- **WORK ORDER**
Output only the lines from the line holding "Villa Authentic Carribean" through the close of the records, exactly as they appear, with all pictures omitted.

Content starts

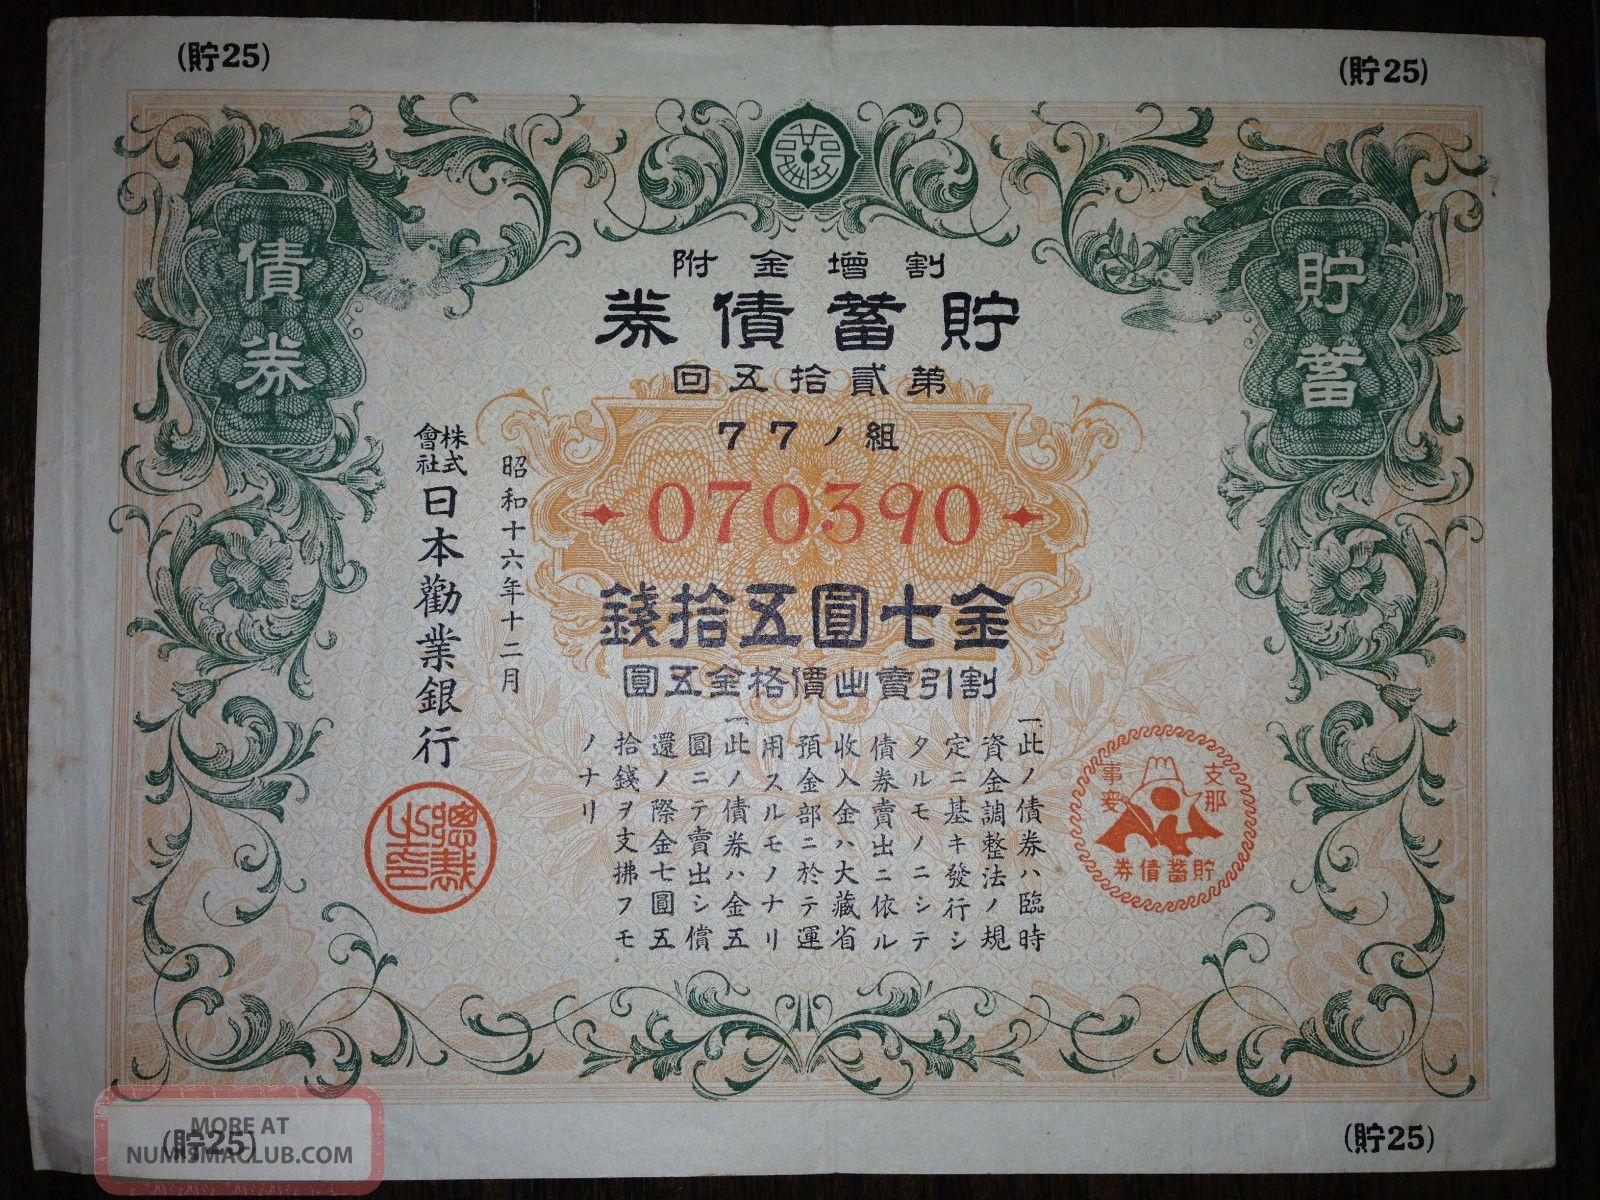 Japan World War2.  Government War Bond.  Sino - Japanese War.  1941.  Japan - China War.  Ww2 Stocks & Bonds, Scripophily photo
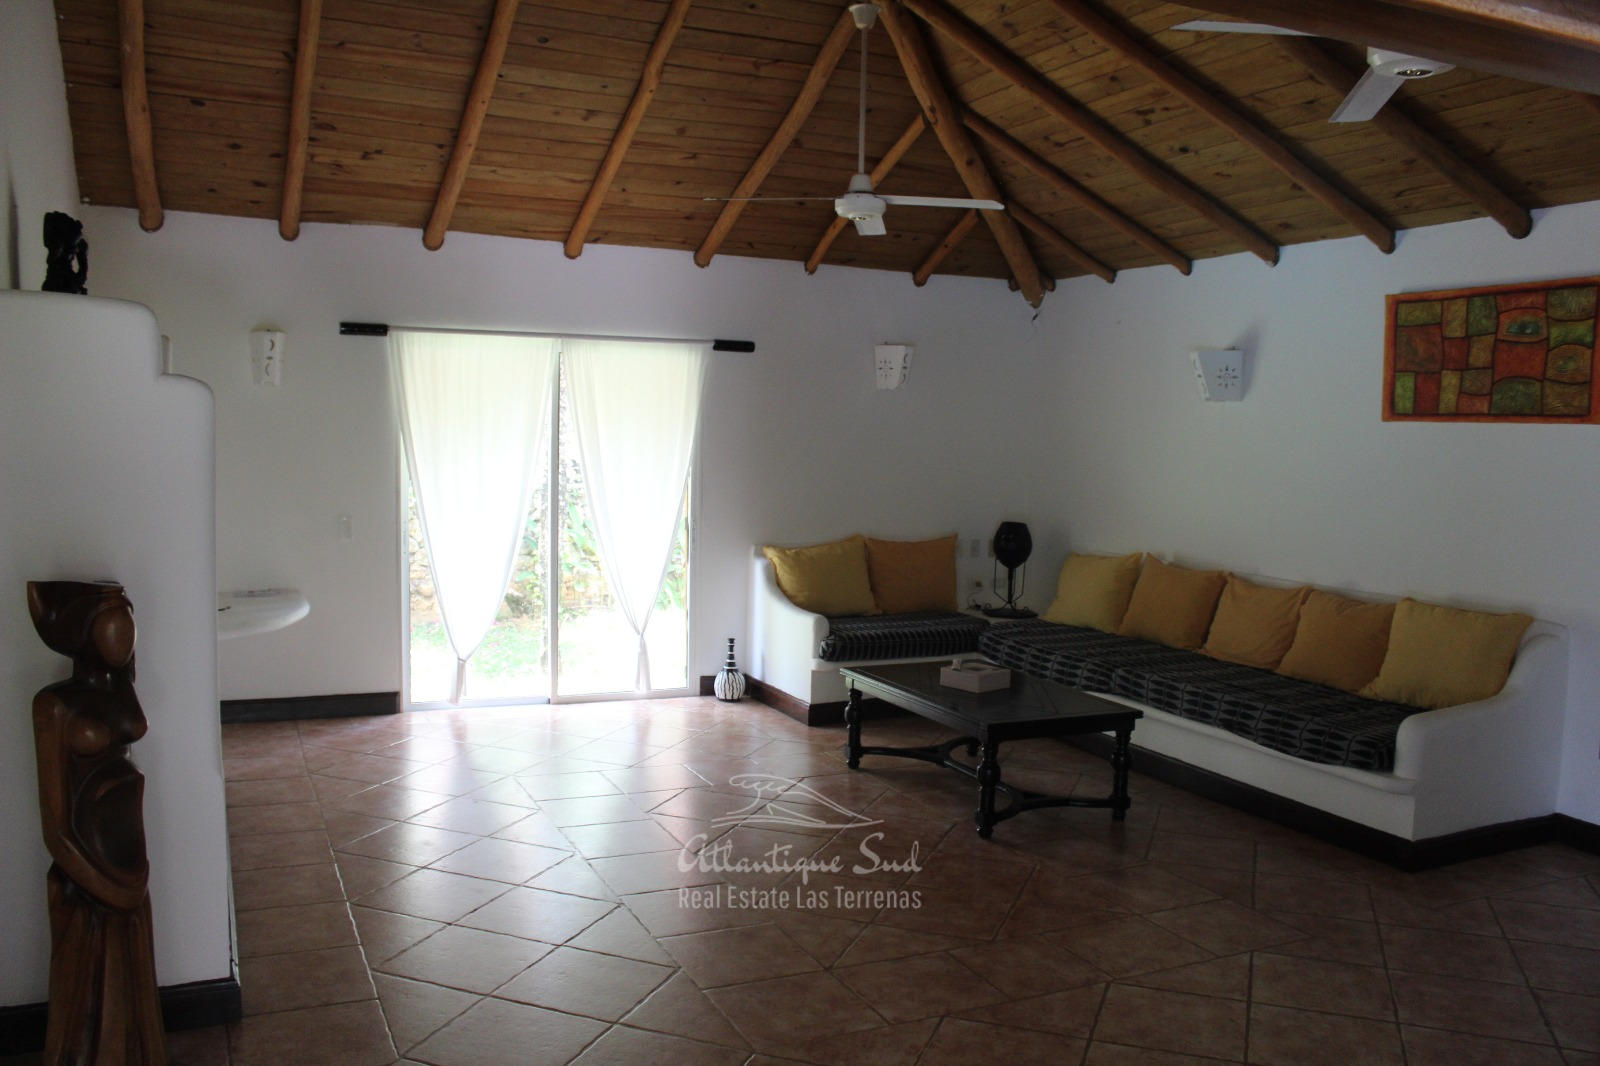 Villa Authentic Carribean Real Estate Las Terrenas Dominican Republic27.jpg
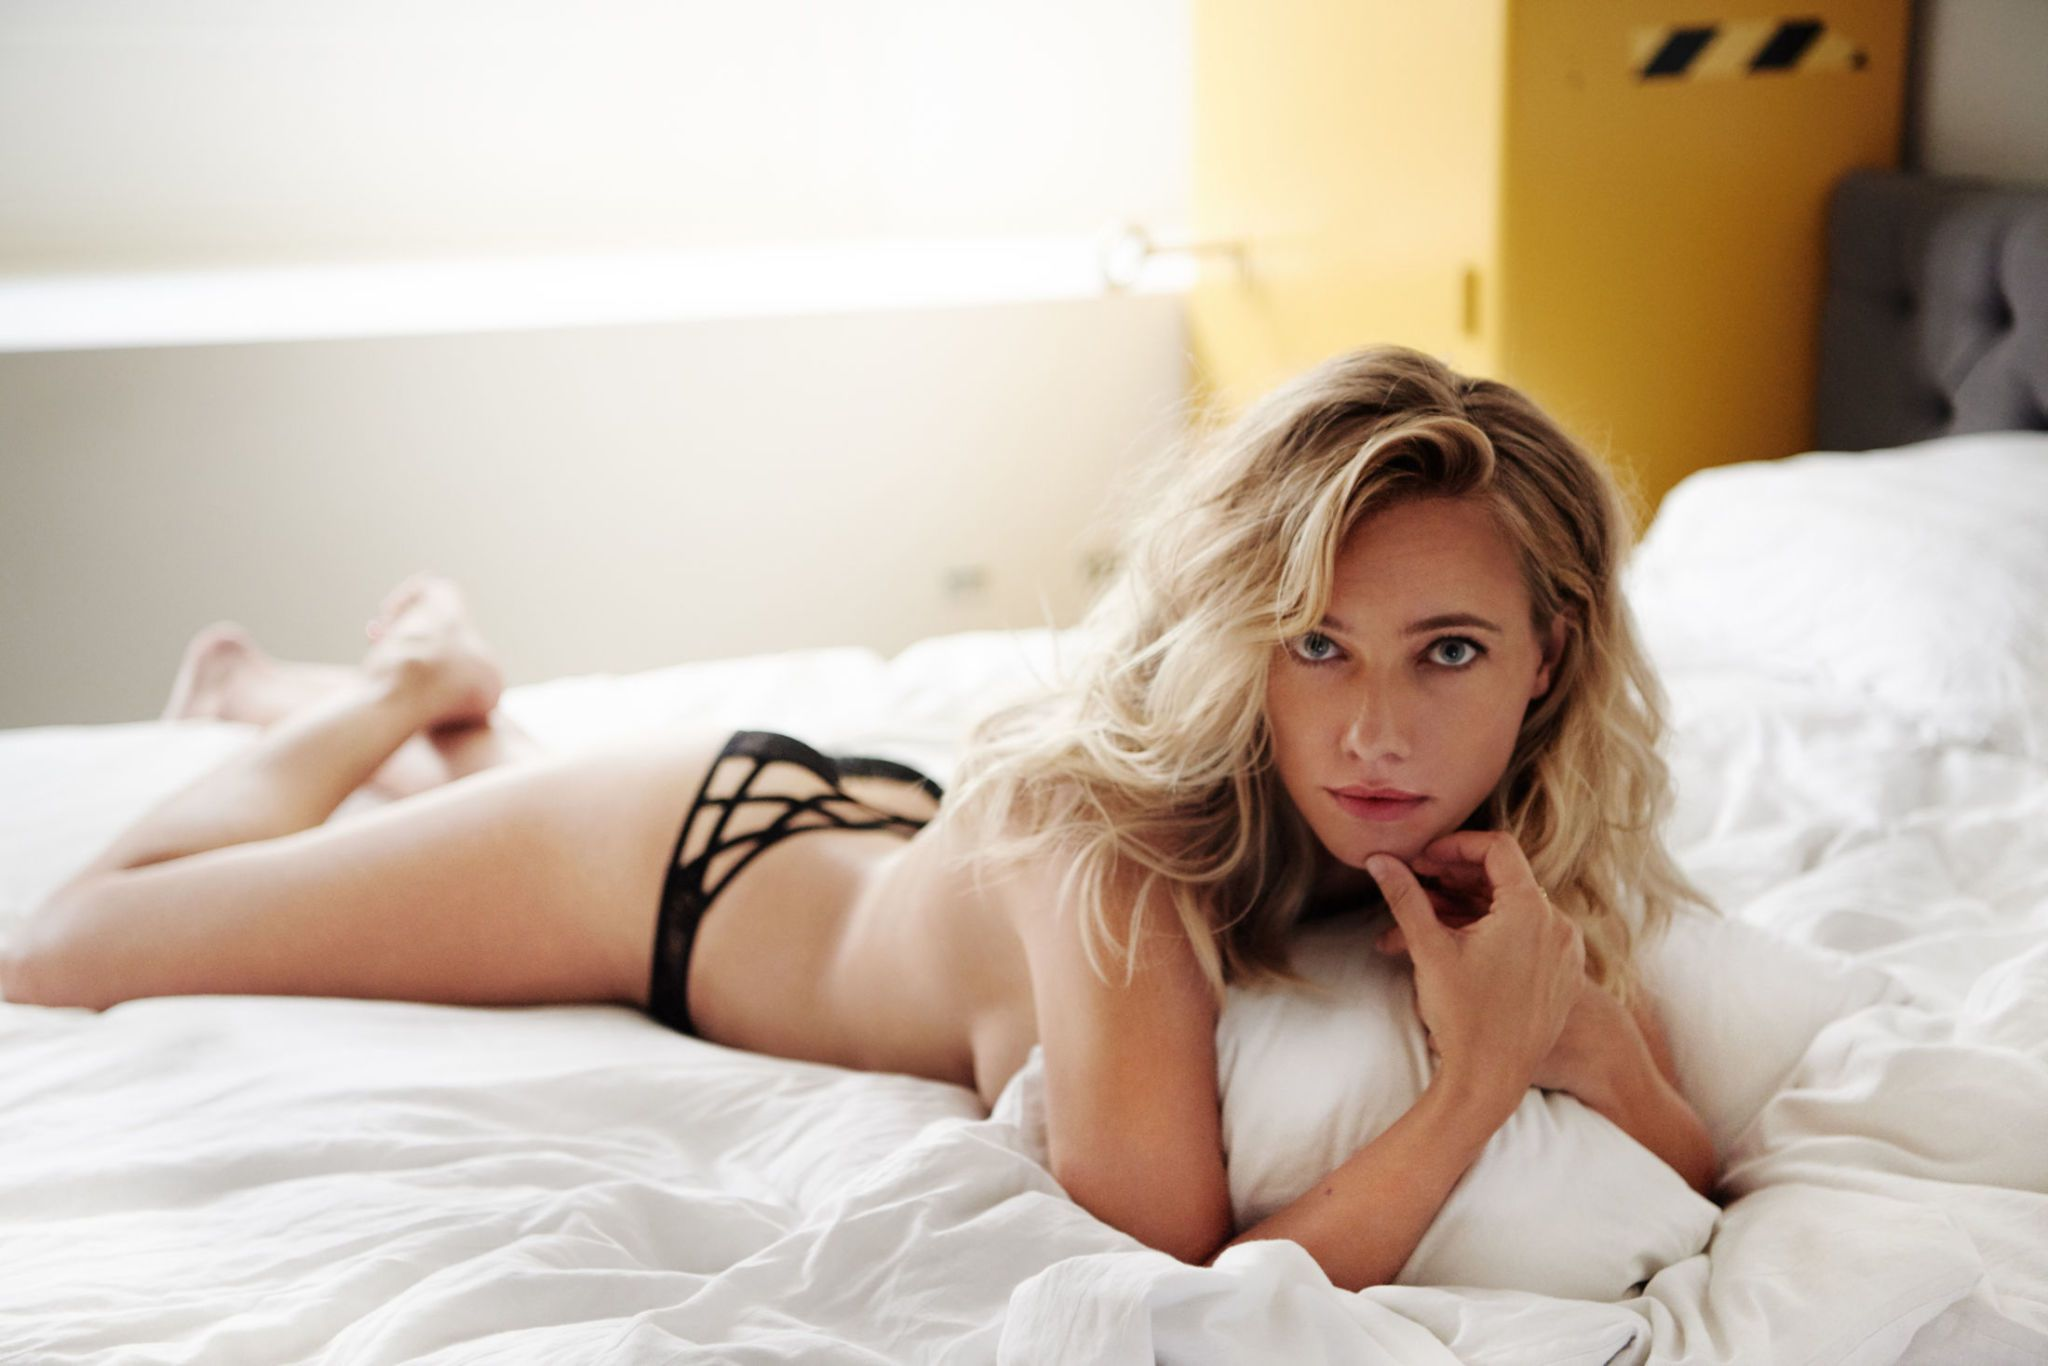 Bikini Jennifer Hoffman nude photos 2019
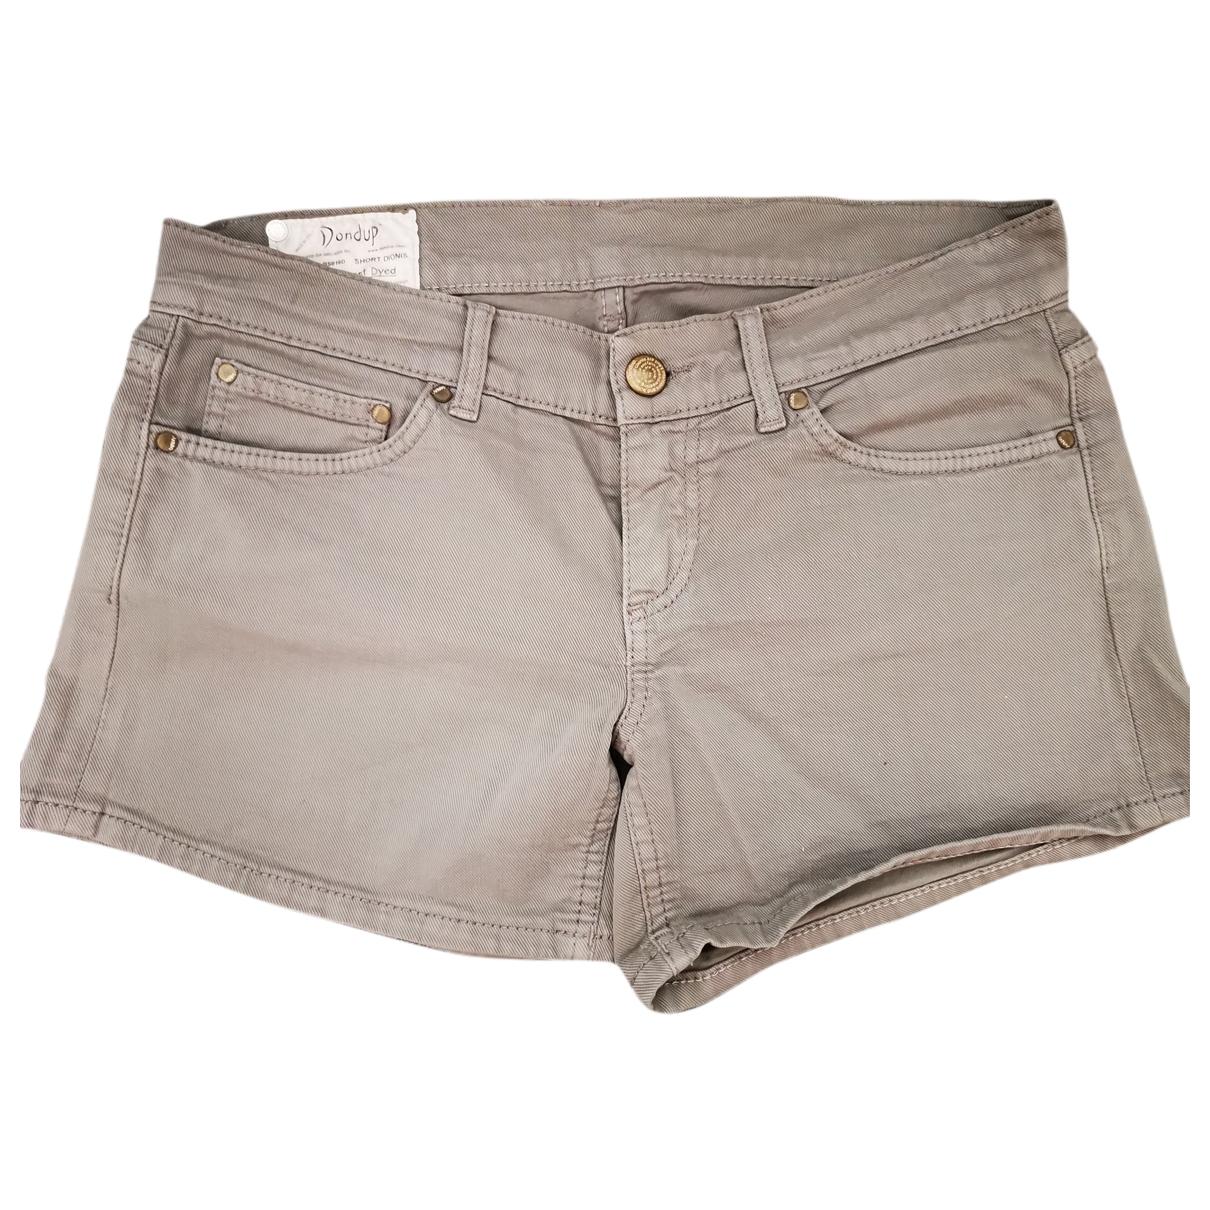 Dondup \N Shorts in  Grau Denim - Jeans
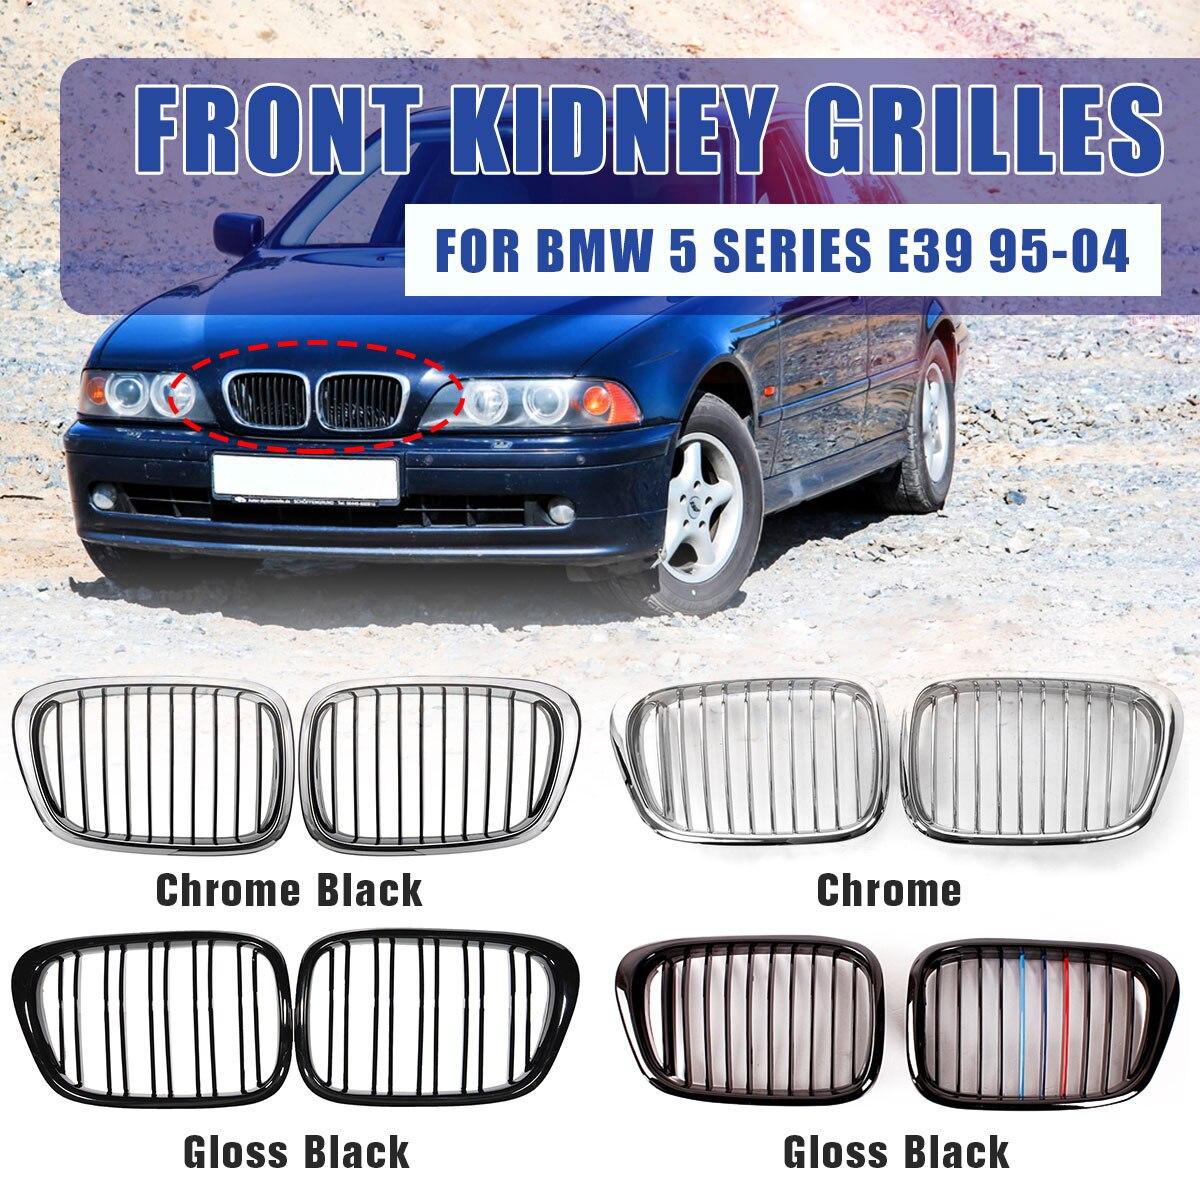 2 uds frente del coche brillo M-color riñón rejilla rejillas para BMW E39 5 Series 525, 528, 530, 540 M5 1997, 1998, 1999, 2000, 2001, 2002, 2003

Content ends

- **SOLUTION BELOW**
 Villa Authentic Carribean Real Estate Las Terrenas Dominican Republic27.jpg
 Bikini Jennifer Hoffman nude photos 2019
 Dondup \N Shorts in  Grau Denim - Jeans
 2 uds frente del coche brillo M-color riñón rejilla rejillas para BMW E39 5 Series 525, 528, 530, 540 M5 1997, 1998, 1999, 2000, 2001, 2002, 2003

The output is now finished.